店主、井上 長嗣(いのうえ たけし)氏は久留米市出身。兄、井上 享俊氏の影響で日本料理の道に入り、『京料理 本家たん熊 本店』などで腕を磨いた。2018年、兄が独立し開業した東京・西新橋の『味享(みたか)』に加わったのち、2020年に地元福岡で『嗣味』を開業した。
『嗣味(つぐみ)』という店名は、店主の名前の一文字であり、「嗣」の字の本来の意味である、つなぐ、受け継ぐ、という意味を込める。井上氏自身が九州の食材を使って味を継承していく、という思いがある。
料理はほぼ九州の食材を使用し、季節ごとの食材を丁寧にひと皿に仕上げる。玄界灘の海ウナギや冬場のアラ(クエ)、また野菜は近隣の農家や市場から、食後は果物や葛やわらび粉を使用した和菓子など、季節を通して種類豊富な食材が手に入ることが福岡の魅力だ。

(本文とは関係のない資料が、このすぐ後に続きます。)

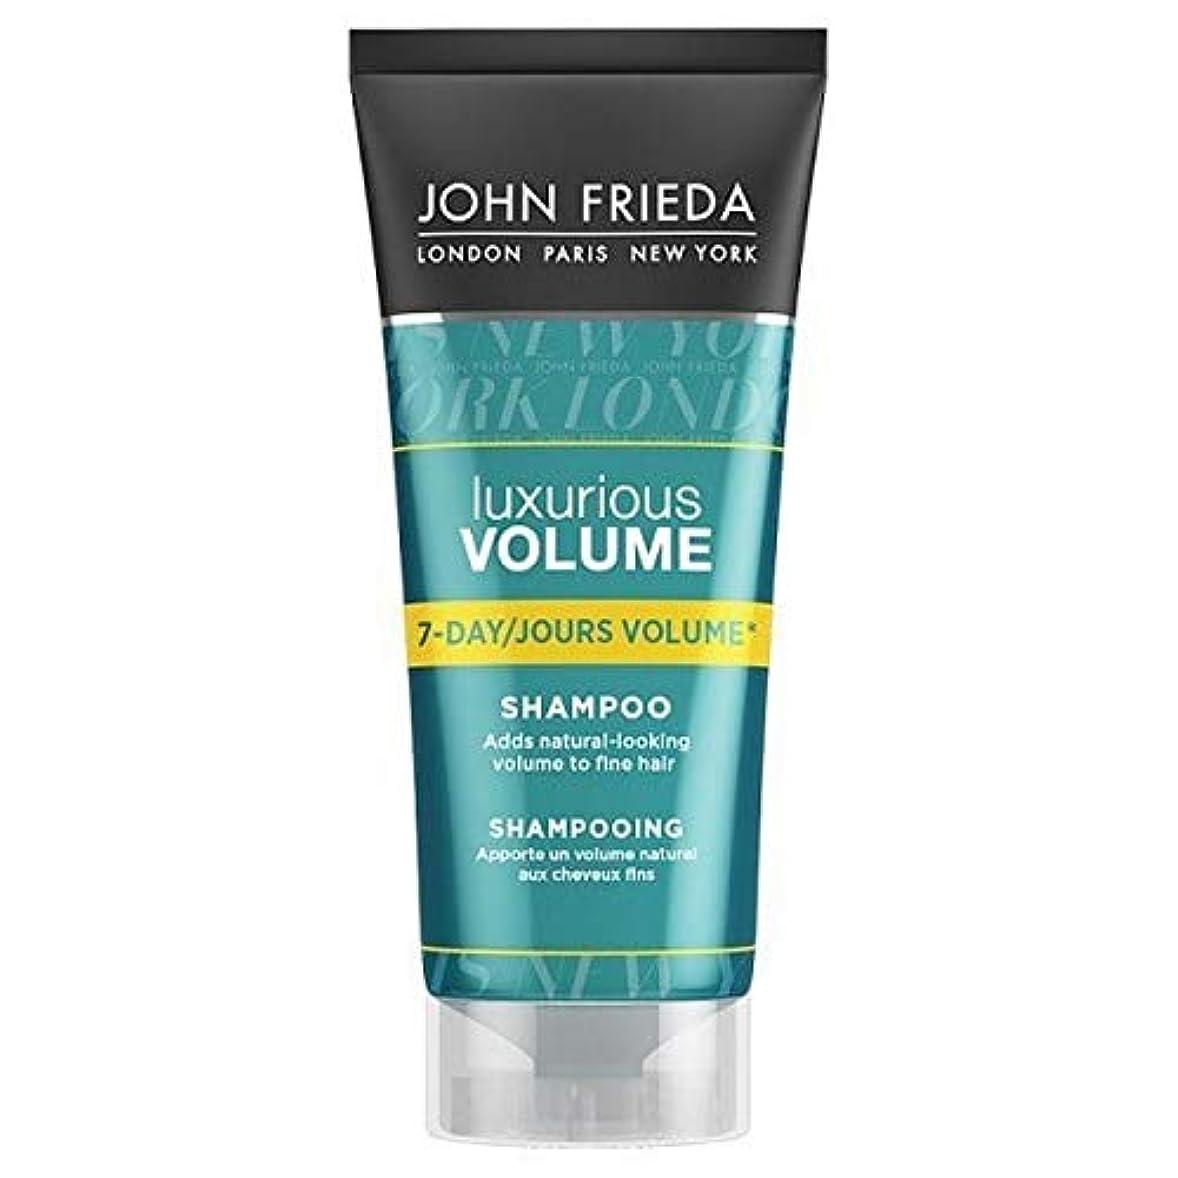 [John Frieda ] ジョン?フリーダ贅沢なボリューム肥厚シャンプー50ミリリットル - John Frieda Luxurious Volume Thickening Shampoo 50ml [並行輸入品]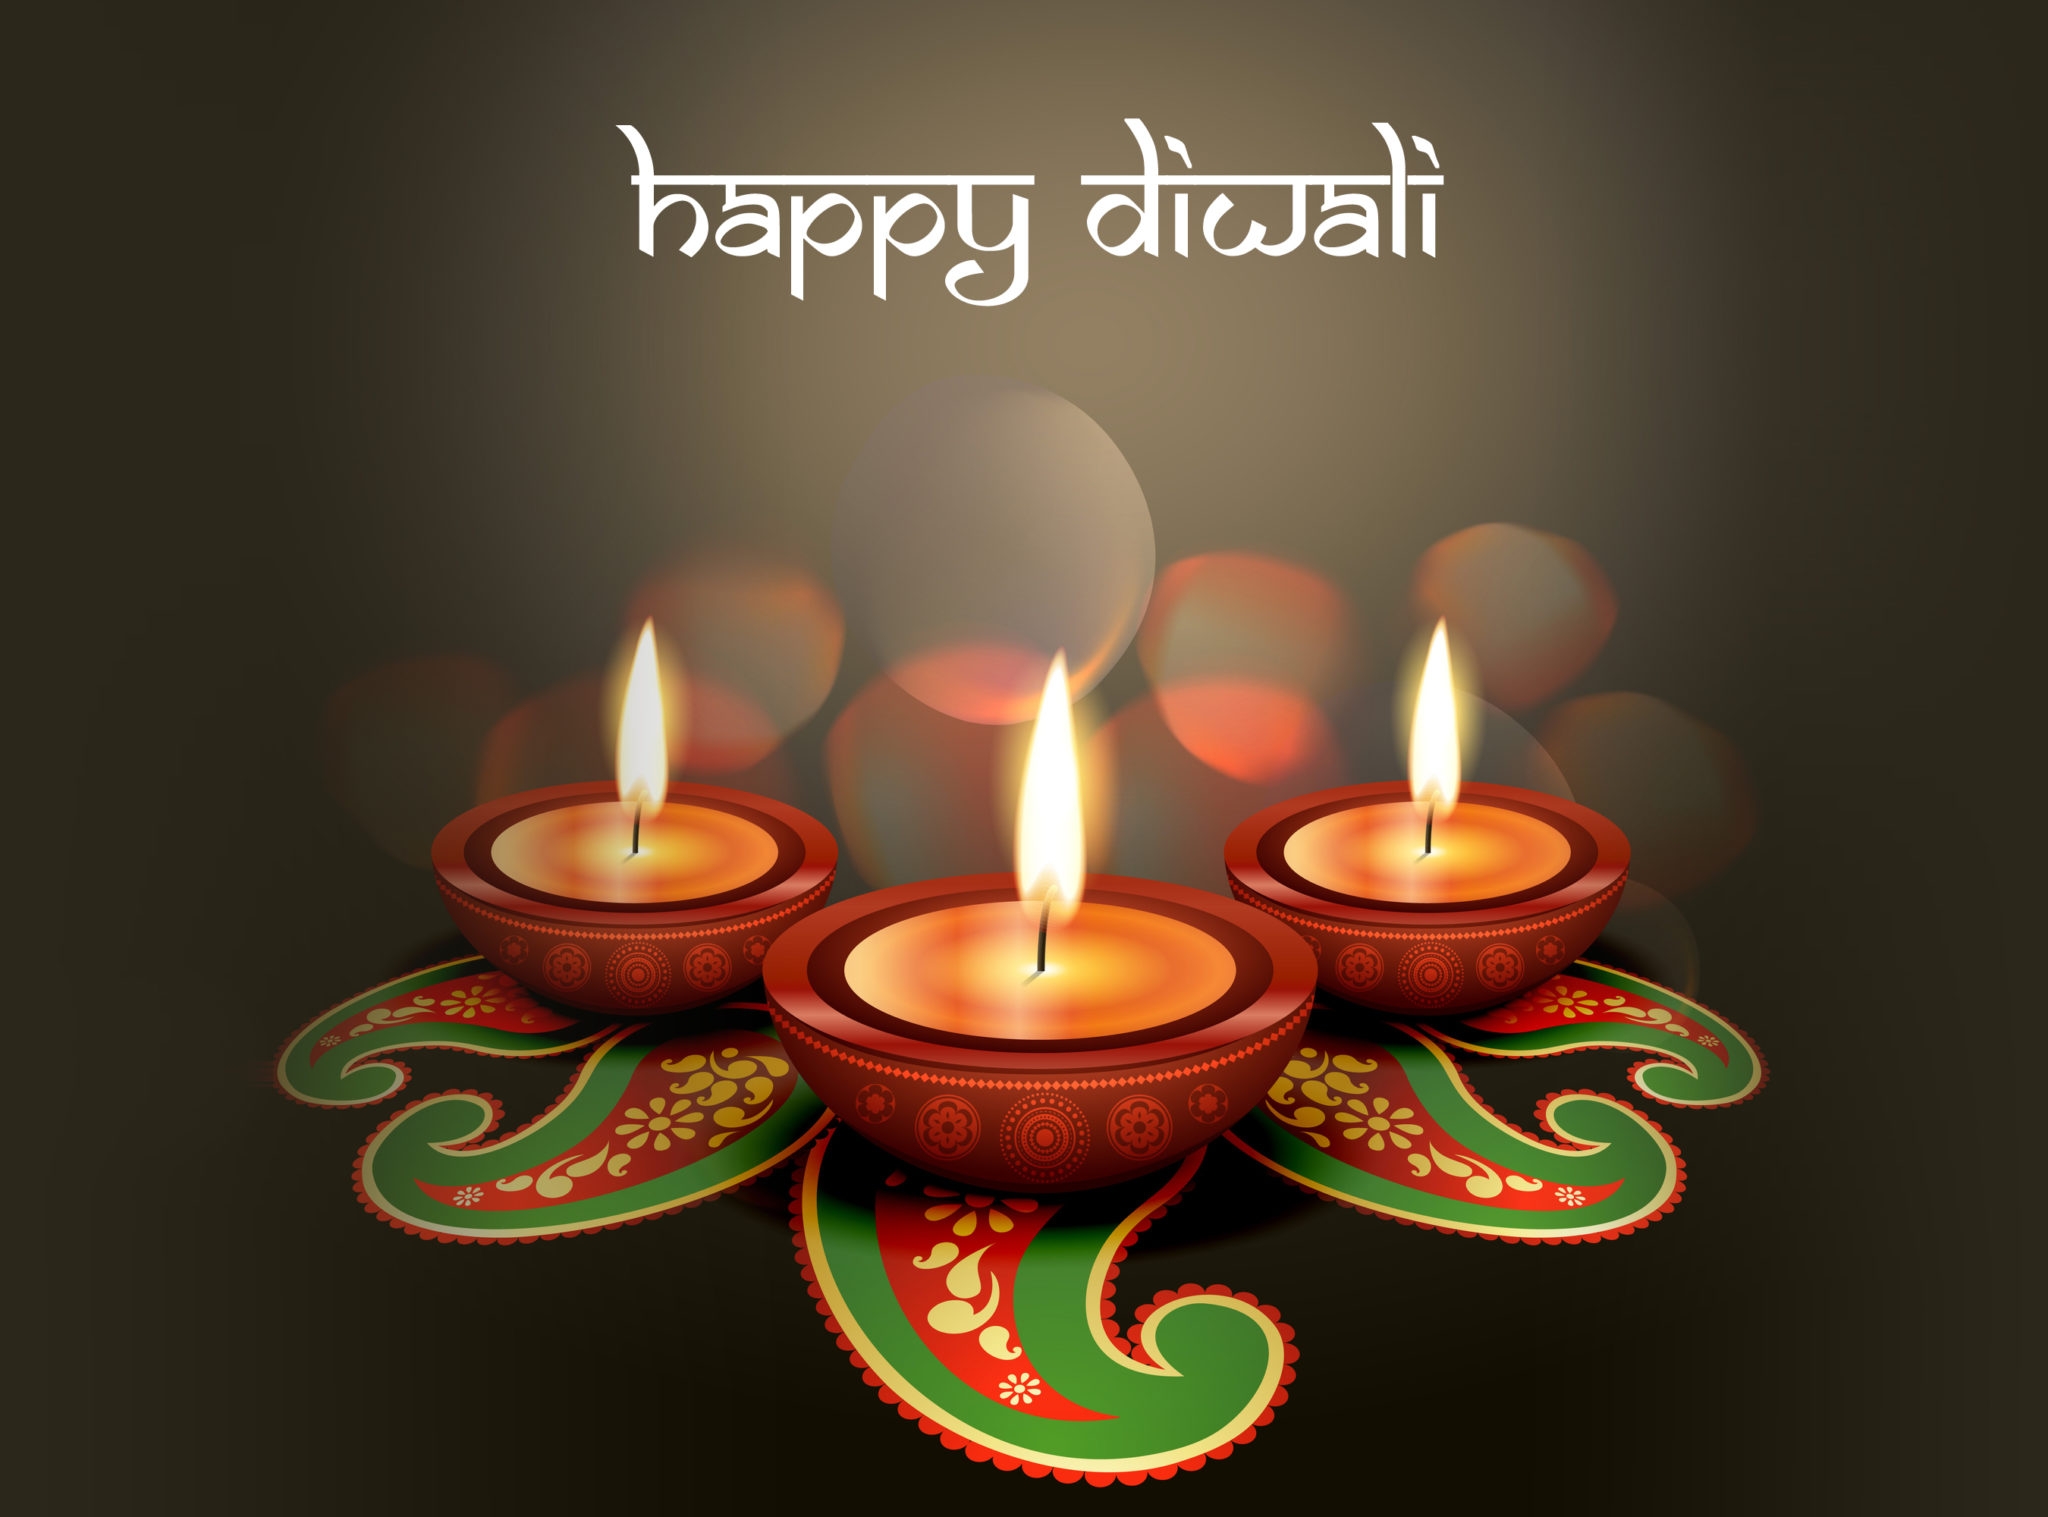 Happy Diwali Images 2018 Diwali Wishes Diwali Greetings Diwali Quotes

ドリンクは、シャンパーニュがグラス、ワインはボトルで提供。九州のワインも扱っており、熊本の「菊鹿ワイナリー」や大分の安心院町「安心院葡萄酒工房」のワインをそろえる。また日本酒も九州中心に季節によって6〜7種。焼酎は宮崎や熊本、鹿児島から。ノンアルコールドリンクでは八女茶のボトリングティーや宮崎の釜炒り茶などを用意している。食器も有田や伊万里、唐津などの名陶の器でいただけるのが魅力だ。
日本料理店としては若々しさを感じるようなモダンな内装の店内はカウンター8席。どこからでも井上氏の手元を見ることができ、目の前で仕上げる料理を楽しめるのが魅力となっている。
店主が京都で培った日本料理の技術を、九州の食材に合わせながら展開する『嗣味』で心ゆくまで楽しめるひとときを過ごしていただきたい。